The pip will execute with environment variables, ENV1
and ENV2
. With untrackedScopes
, the pip tells BuildXL
to turn off file-access monitoring when accessing all files under /lib
.
Since Transformer.execute
can specify multiple output files, to get the object file in the above example, one can
call getOutputFile(p`file.o`)
. The resulting object file is denoted by the objFile
declaration, and can be
passed to other Transformer.execute
calls as a dependency. Consider an example where there is another process
that will link the object file:
const link = Transformer.execute({
tool: { ... },
arguments: [ ... ],
workingDirectory: ...,
dependencies: [ objFile ]
});
Here the resulting object file is declared as a dependency of the link
process pip. In this way, DScript establishes
a dependency relation between the compile
process pip and the link
process pip.
Interface declarations of Transformer.execute
can be found in Transformer.dsc.
There are many variants of transformer methods for creating write-file pips. One method that is often used is to write multiple lines:
import {Transformer} from "Sdk.Transformers";
const writtenFile = Transformer.writeAllLines(p`written.txt`, ["line 1", "line 2"]);
The above method call will create a write-file pip that writes
line 1
line 2
to written.txt
.
Complete methods for creating write-file pips can be found in Transformer.Write.dsc.

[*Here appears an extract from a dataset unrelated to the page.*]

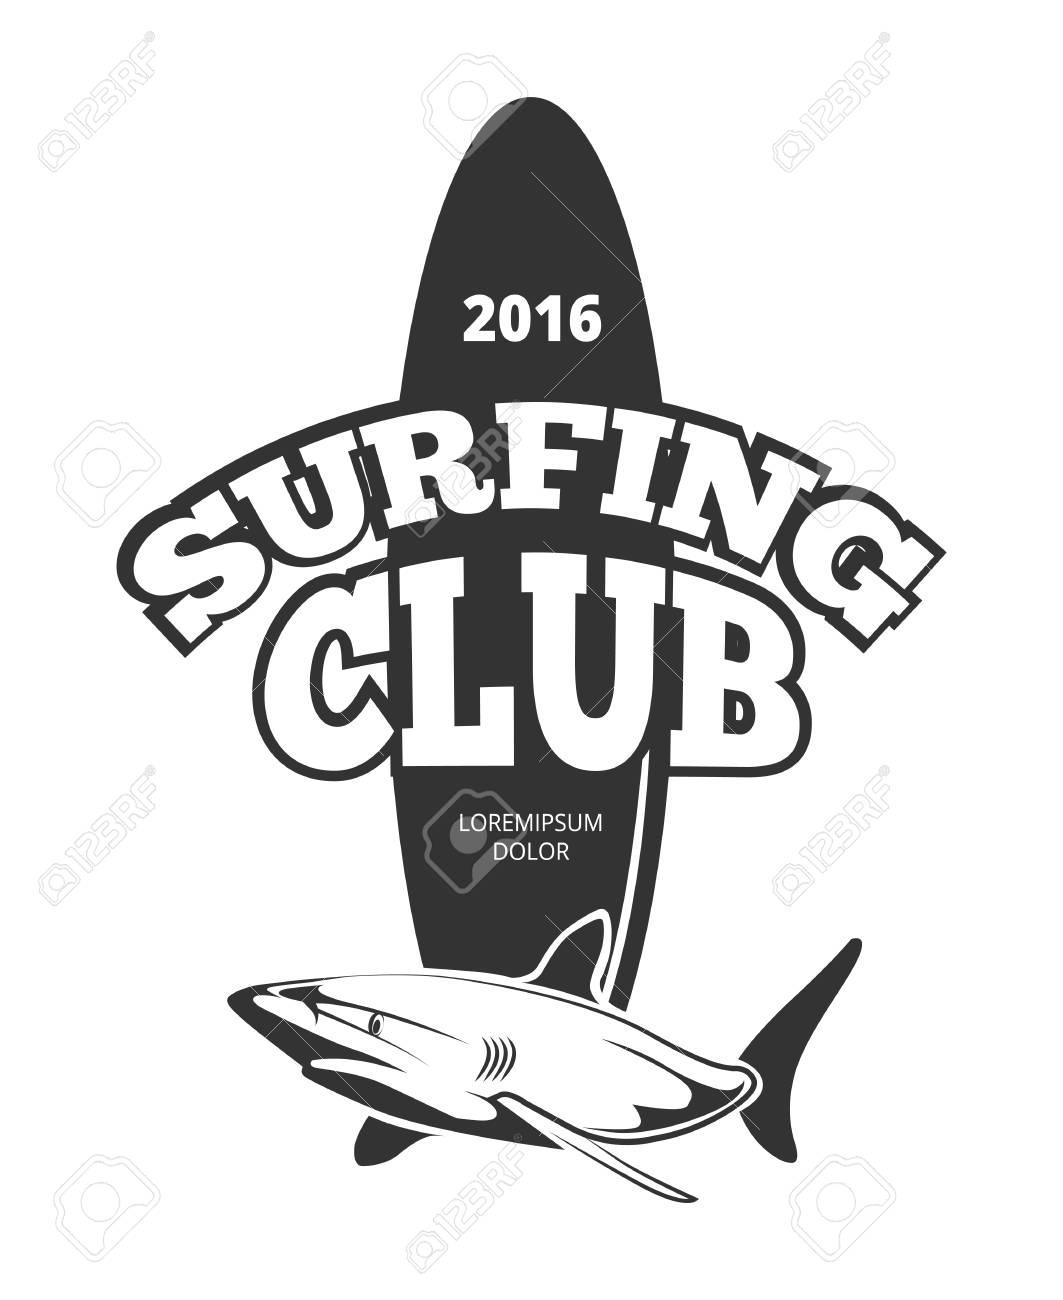 Surfing Club Logo With Board And Shark Emblem Design Vintage Surfboard Vector Illustration Stock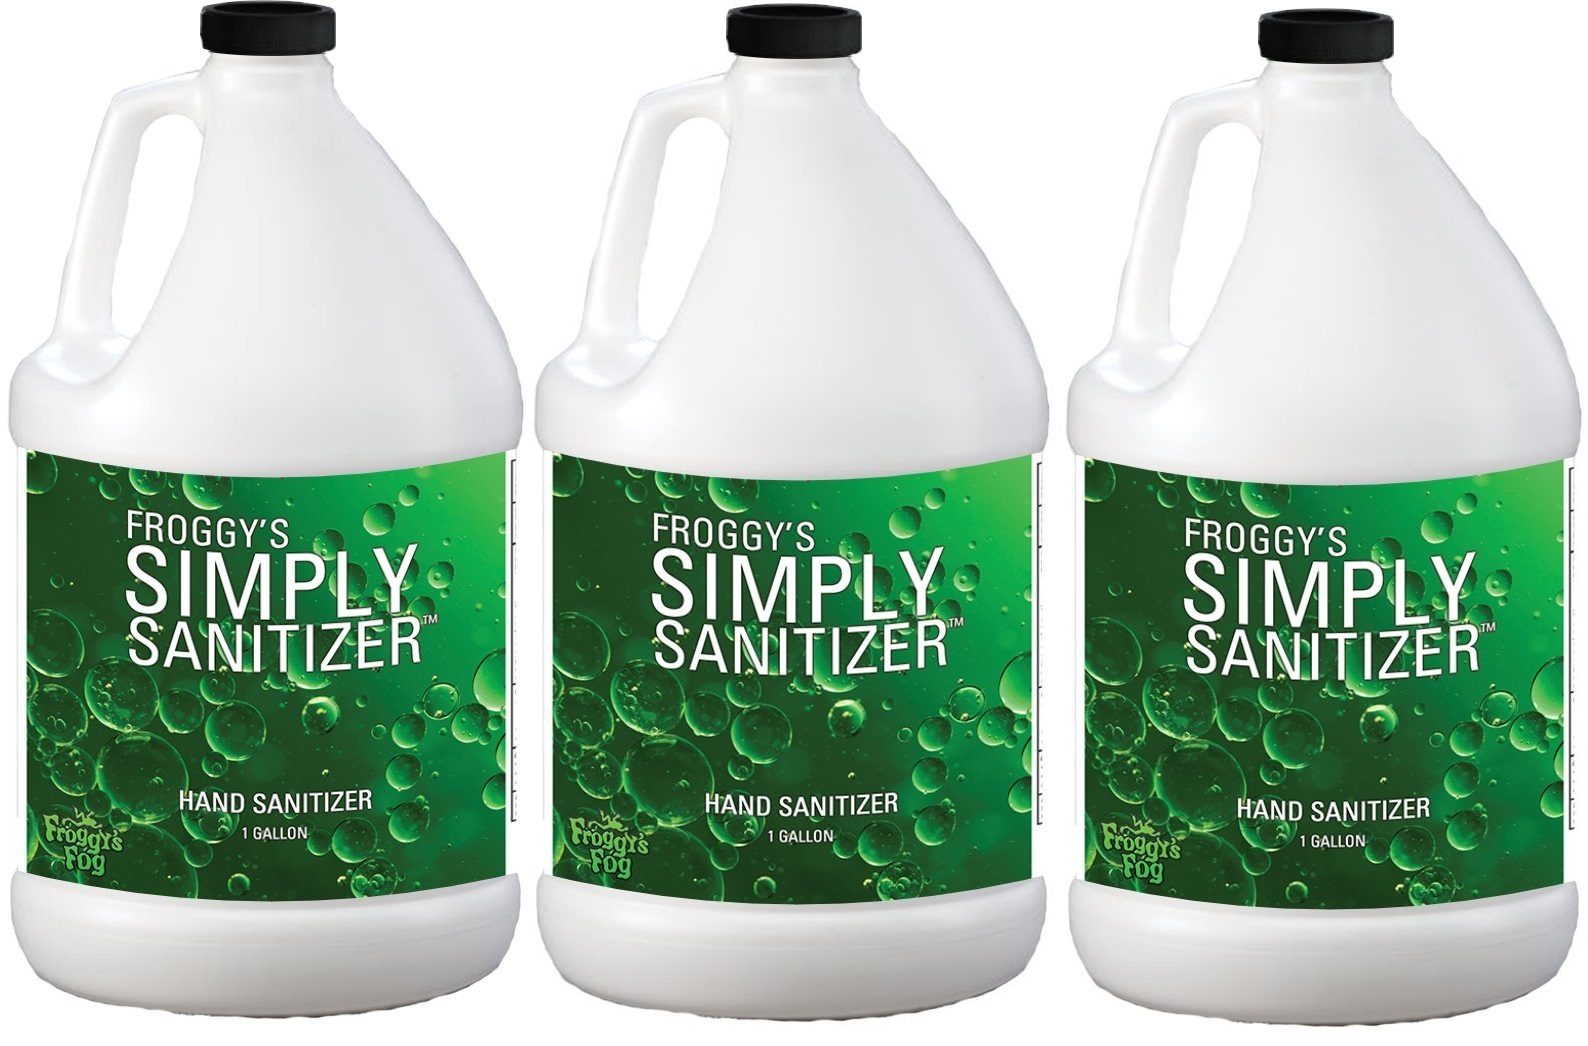 froggys-fog-simply-sanitize---hand-sanitizer-3-gallon.jpeg

To create a copy-file pip, DScript uses Transformer.copyFile
method:
import {Transformer} from "Sdk.Transformers";
const copyFile = Transformer.copyFile(f`fileToCopy.txt`, p`copy.txt`);
The above method call will create a copy-file pip that copies fileToCopy.txt
to copy.txt
.
Details about methods for creating copy-file pips can be found in Transformer.Copy.dsc.
Note that when specifying input files, DScript uses the prefix
f
, but when specifying output files, DScript declare them as paths using the prefixp
.
Besides files, process pips can specify directories as inputs and outputs. For inputs, directories need to be "sealed" first, i.e., declaring the members of the directories. Unlike input directories, output directories are always sealed.
One can seal input directories by using the following transformer methods:
import {Transformer} from "Sdk.Transformers";
const outputFile = Transformer.execute({ ... outputs: [p`Dir/output.txt`], ...}).getOutputFile(p`Dir/output.txt`);
const sealedDir = Transformer.sealDirectory(
d`Dir`,
[
f`Dir/file1.txt`,
f`Dir/file2.txt`,
outputFile
]);
const sealedSourceAll = Transformer.sealSourceDirectory(d`All`, Transformer.SealSourceDirectoryOption.allDirectories);
const sealedSourceTop = Transformer.sealSourceDirectory(d`Top`, Transformer.SealSourceDirectoryOption.topDirectoryOnly);
const result = Transformer.execute({ ... dependencies: [sealedDir, sealedSourceTop, sealedSourceAll], ...});
The first sealed directory sealedDir
is obtained by sealing the directory Dir
, and explicitly specifying the members
that the consuming pip are allowed to access as dependencies, e.g., if the consuming pip that declares a dependency on
sealedDir
accesses file Dir/file3.txt
during its execution, then BuildXL will fail the pip a file access violation.
In the above example, the specified member in a sealed directory can also be an output of another pip.
Note that the sealed directory can have members other than the specified ones. Note also that the specified members are
an overapproximation to what the pip may access when it executes.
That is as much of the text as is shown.